Use a phase accumulator approach rather than a divider. That way, you can
set the exact frequency. It will introduce some jitter with a peak
deviation of 1/2 your master clock period. The phase accumulator
(sometimes described as a direct digital synthesizer) is simply a
registered adder with one input coming from its output and the other set
to a constant increment value. The adder output represents a fraction of
a cycle of your desired oscillator. For a square wave output, you use
just the MSB of the output as your clock or as a clock enable. The width
of the adder determines the frequency resolution. The output frequency is

Fo= Fc * N/ (2^bits)

In the case of generating a 115.2Khz clock from a 50 MHz master:

Lets assume you want 0.1% accuracy, which is to say 115.2KHz +/- 115 Hz.
You need enough bits to have at least 230Hz resolution, so

230 = 50,000,000 * 1/(2^bits) tells us we need 18 bits in the
accumulator. 18 bits gives us a frequency resolution of 191 Hz.

Now, find the constant N that provides the 115.2KHz
115200 = 50M * N/2^18 ===> N=604.

plugging that back in you get an output frequency of 115203.9Hz. If you
needed more accuracy, you could increase the width of the accumulator.

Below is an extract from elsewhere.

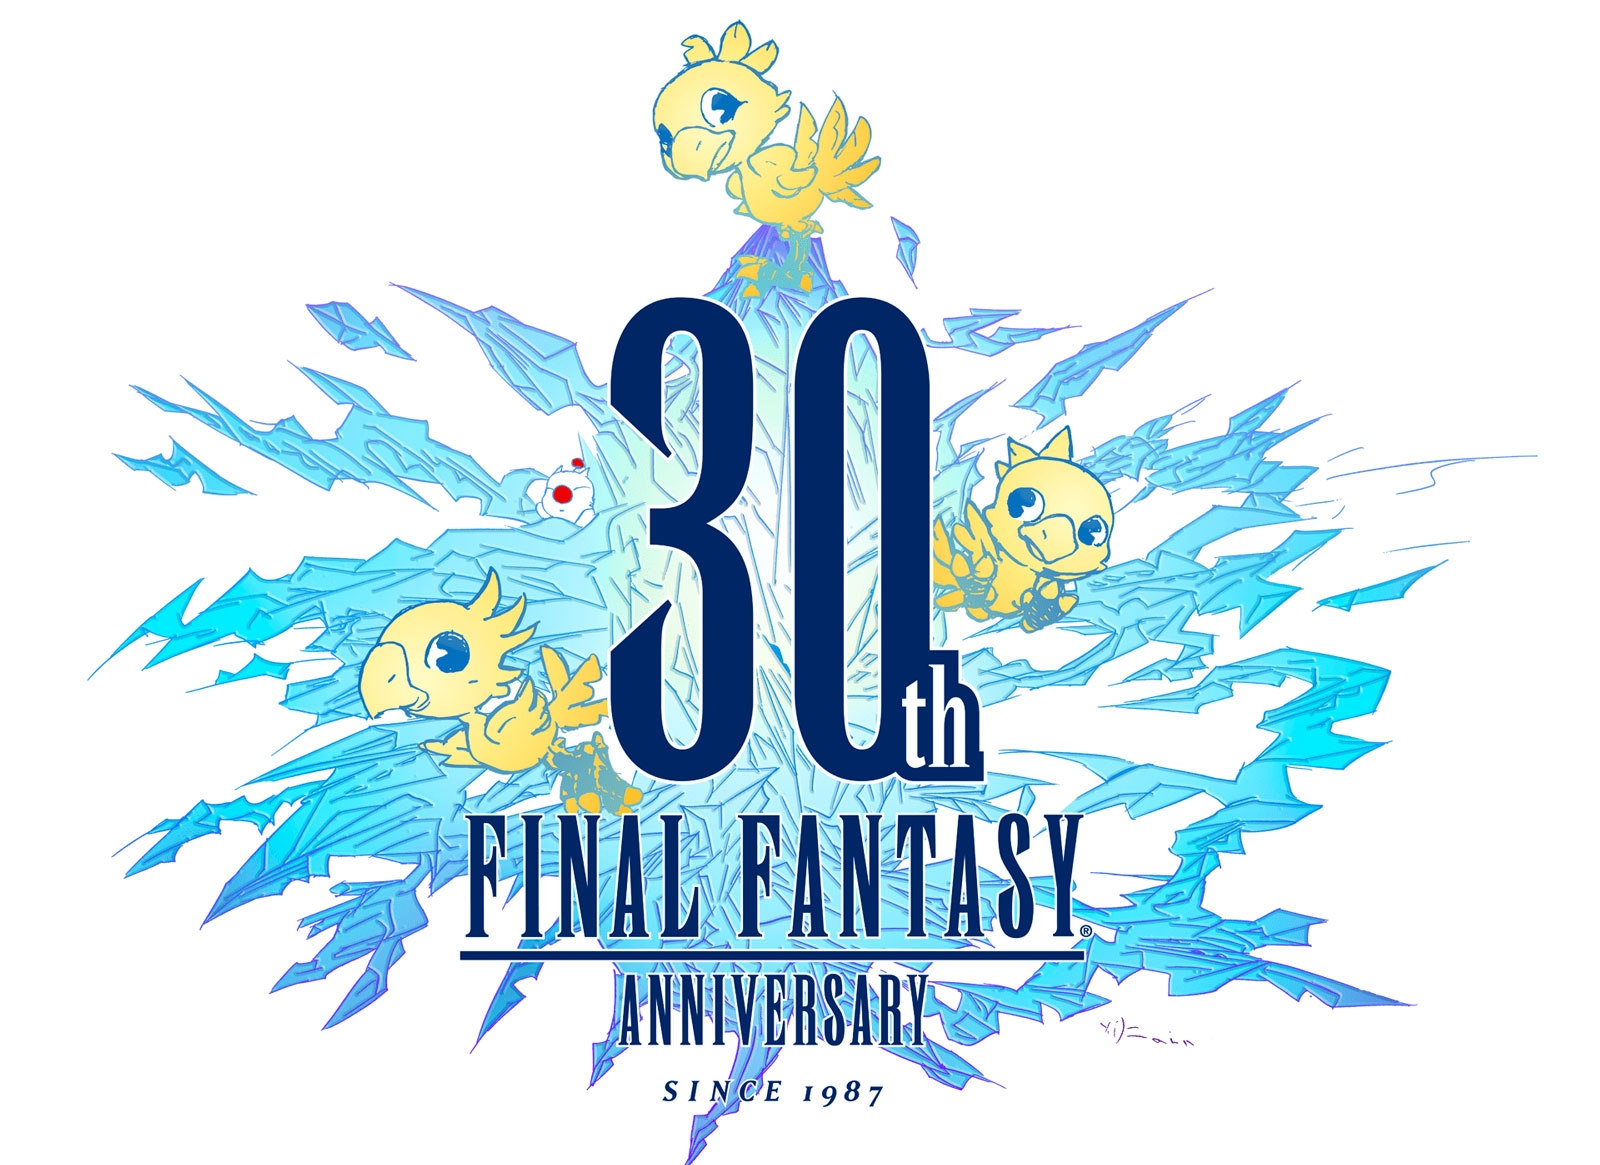 'Final Fantasy' celebrates 30 years of not being very final | DeviceDaily.com

signal accum:unsigned(17 downto 0);
begin
process(clk,reset)
if reset='1' then
accum<=(others=>'0');
elsif rising_edge(clk) then
accum<= accum+to_unsigned(604,18);
end if;
end process;
baud_clk<= accum(accum'left);




Now if you want to change the baud rate, all you need to do is change the
constant. The baud_clock is proportional to the constant. The output
taken from the msb of the accumulator is a square wave with approximately
50% duty cycle (there is a little bit of jitter +/- a half master clock
cycle) if the constant results in a non-integer division of the master
clock. That little bit of jitter is quite acceptable for serial comms.

I am trying to write a clock divider that will be used for input from
a serial port that is outputting data at 115200 baud. This means I
would need a clk that runs at 115.2 kHz. My on board clk is currently
running at 50 MHz (oscillator). One option is to add another clk to
my design using a second oscillator but I would prefer to find another
option since this will drive up costs. Is there an easy way to divide
50 MHz downto 115.2 kHz using VHDL?

--
--Ray Andraka, P.E.
President, the Andraka Consulting Group, Inc.
401/884-7930 Fax 401/884-7950
email (e-mail address removed)
http://www.andraka.com

"They that give up essential liberty to obtain a little
temporary safety deserve neither liberty nor safety."
-Benjamin Franklin, 1759

 

[Clyde]

Ray,

Thanks for a very enlightening example of solving this problem.

Clyde Shappee

 

[radu]

Hello Ray,

Very clever your idea. Congratulation !!!